Policiales en Cuyo

La pareja que se casó, juró amarse “hasta que la muerte los separe” y falleció horas después

Habían soñado una vida juntos. Enamorados, después de un apasionado noviazgo, decidieron pasar por el altar para dar el sí. Se amaban y querían celebrar la unión frente a todos sus seres queridos. Y así lo hicieron. En febrero de 1965 se casaron, jurando permanecer juntos “en la salud y la enfermedad, hasta que la muerte se interpusiera en su camino”. Todo sin pensar que pronto una terrible tragedia acabaría con sus sueños y anhelos. 

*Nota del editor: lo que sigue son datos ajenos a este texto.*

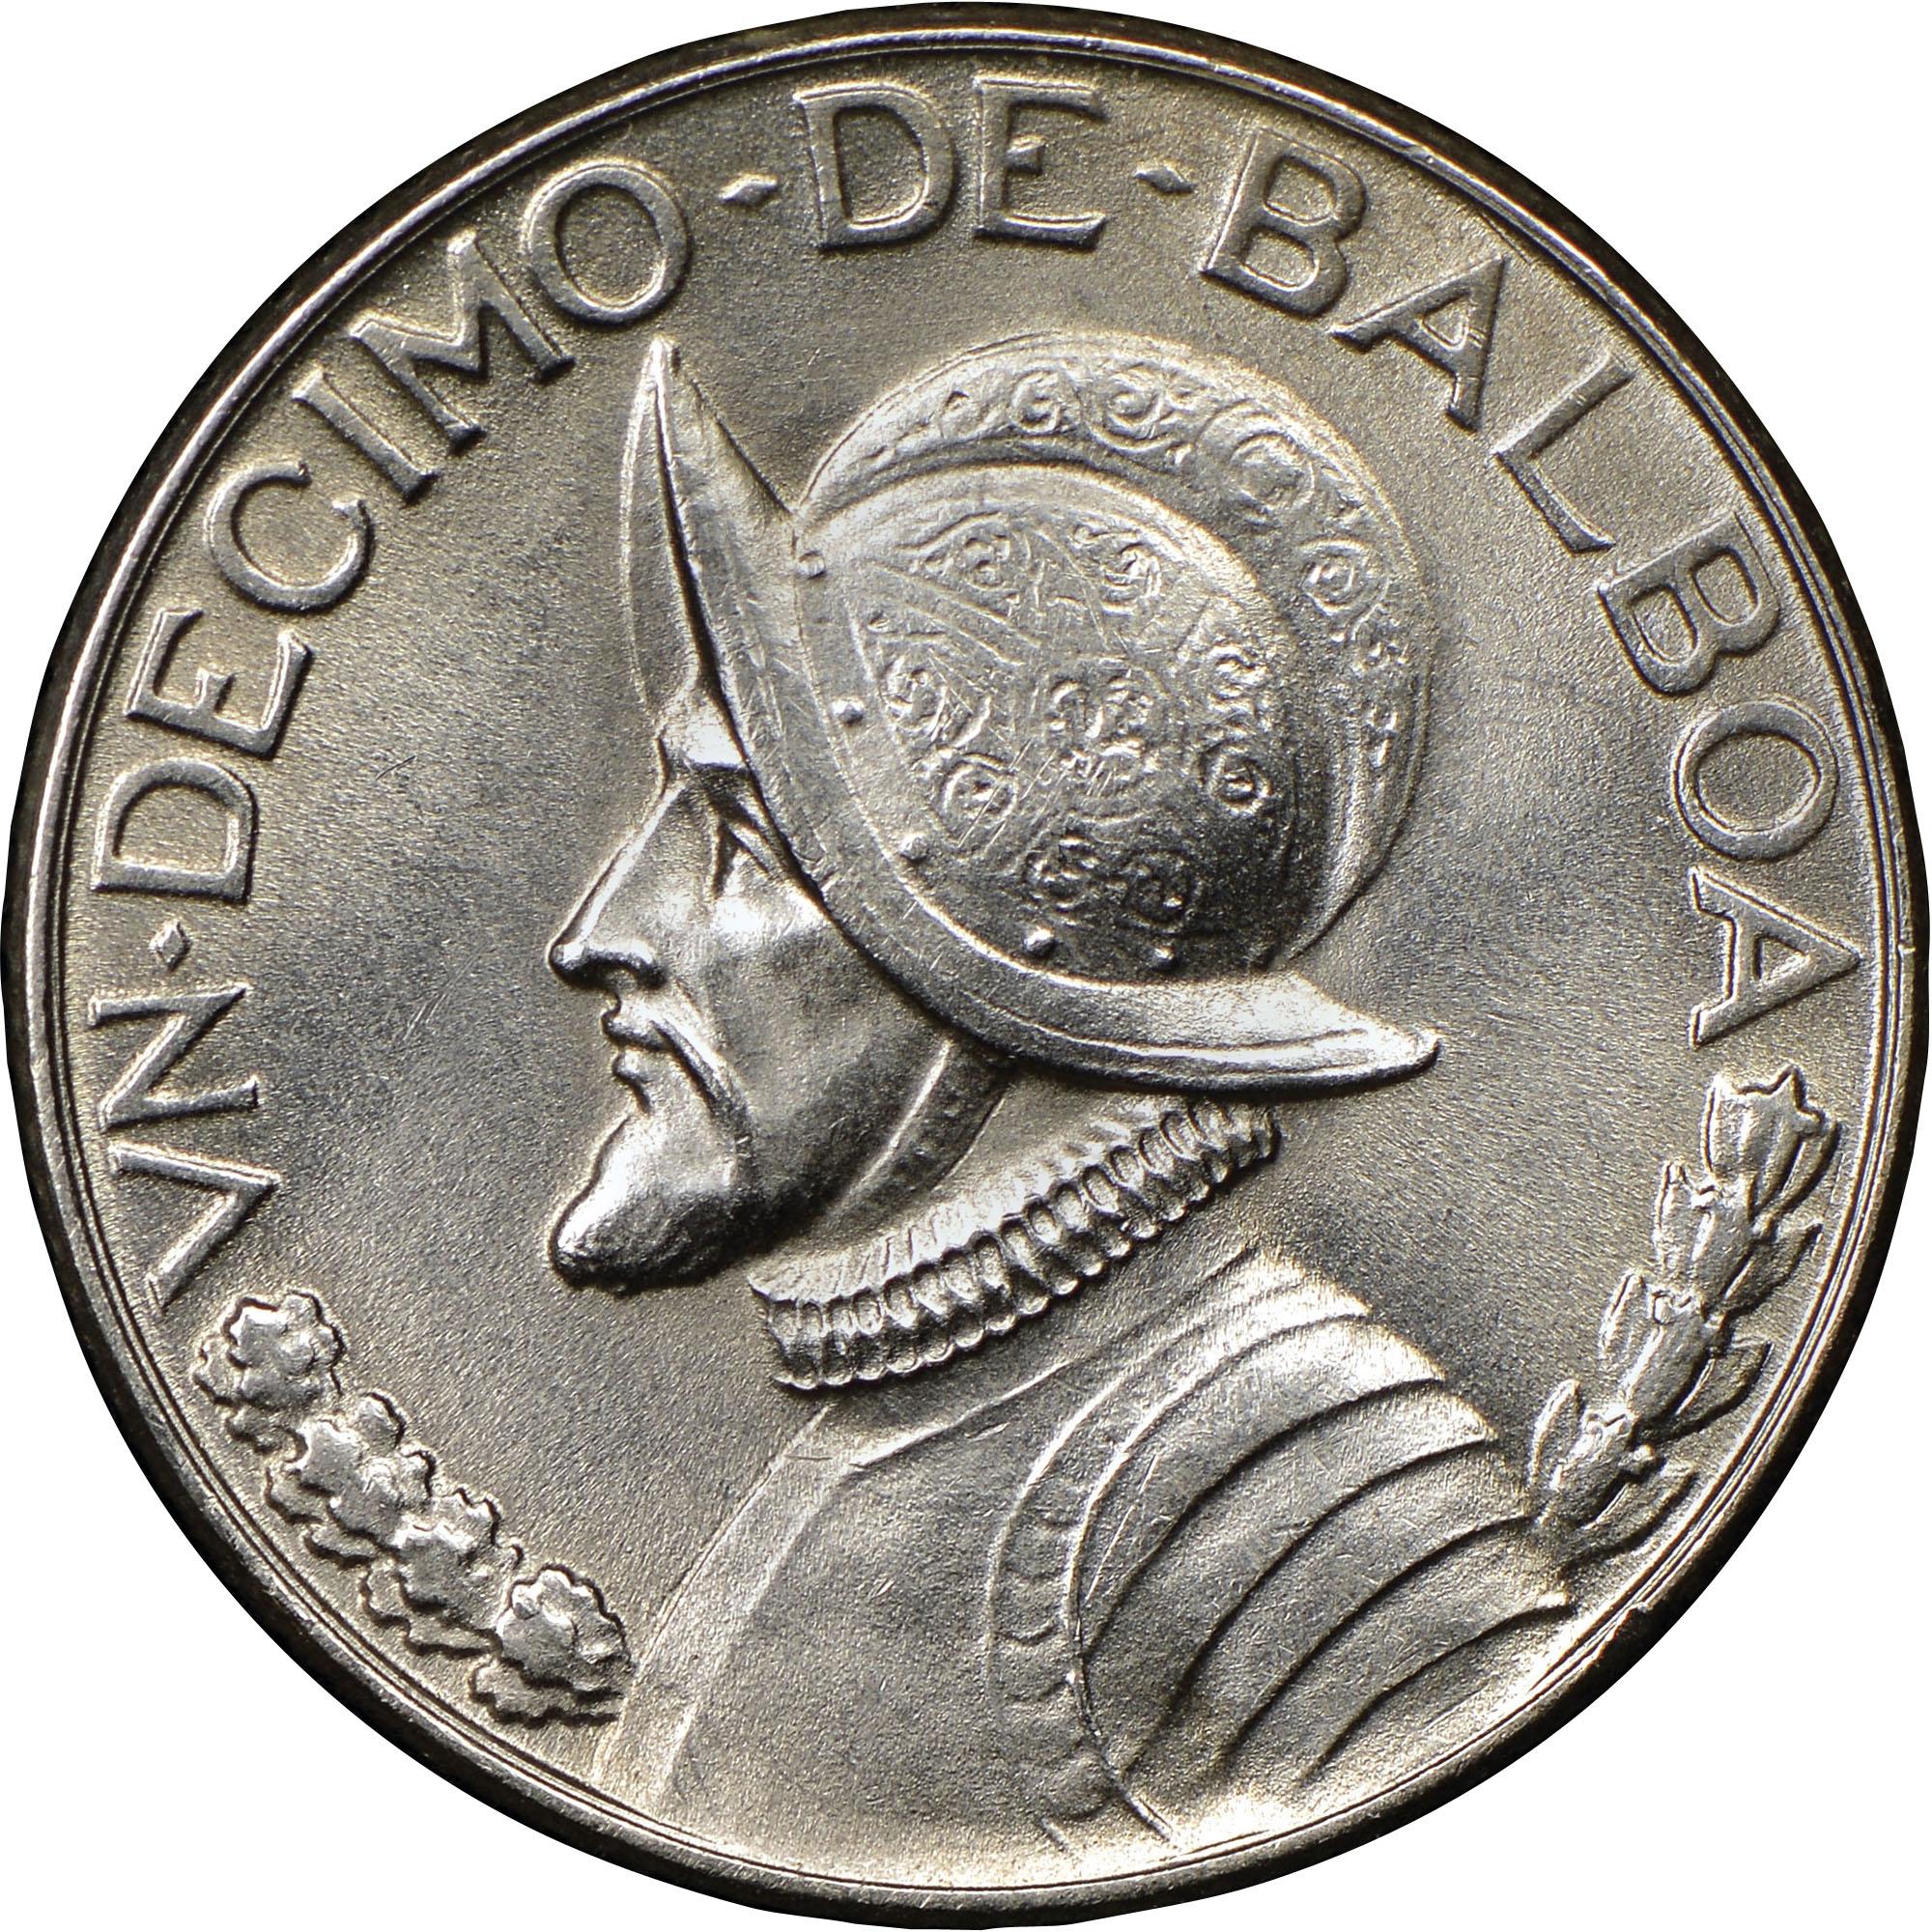 Panama 1 10 Balboa Km 10 1 Prices Amp Values Ngc

Al día siguiente, se subieron a la moto que tenían y salieron a dar una vuelta por San Martín, antes del almuerzo que habían planificado. Cuando llegaron a la esquina de Libertador y Rawson, conocida como la de ‘Pico’, fueron arrollados por un camión, que los arrastró varios metros. Por la violencia del impacto, Santos Alberto Escalona, de 26 años, falleció en el acto, mientras que Argentina Rosa Castro, de 21, fue trasladada en grave estado hasta el hospital donde falleció horas después. 

El choque ocurrió sobre las 12.30, cuando el conductor de un tanque con acoplado que transportaba unos 18 mil litros de vino no pudo impedir el siniestro. El joven murió de inmediato al quedar aprisionado entre los restos de la moto y el camión, mientras que la chica salió despedida, causando su caída la fractura de ambas piernas y lesiones de consideración en la cabeza. Falleció en horas de la tarde de esa jornada marcada por el dolor.  

El lugar se llenó de gente que no salía de su asombro. Sobre todo al saber quiénes eran los involucrados. Es que resultaba increíble que la pareja que horas antes se había jurado amor eterno, se topara con la muerte en su camino. Poco después comenzaron a llegar allegados, protagonizando escenas desgarradoras, según los reportes de la época. 

El camionero, de 56 años, fue trasladado hasta la comisaría para cumplir con los protocolos de rigor. 
Los cuerpos de la pareja llegaron hasta la morgue donde luego de las correspondientes autopsias fueron entregados a sus familias para ser sepultados. Todo esto, lejísimos de la felicidad soñada, de los buenos augurios, del deseo de formar una familia por parte de dos jóvenes a los que la vida les hizo una pésima jugada.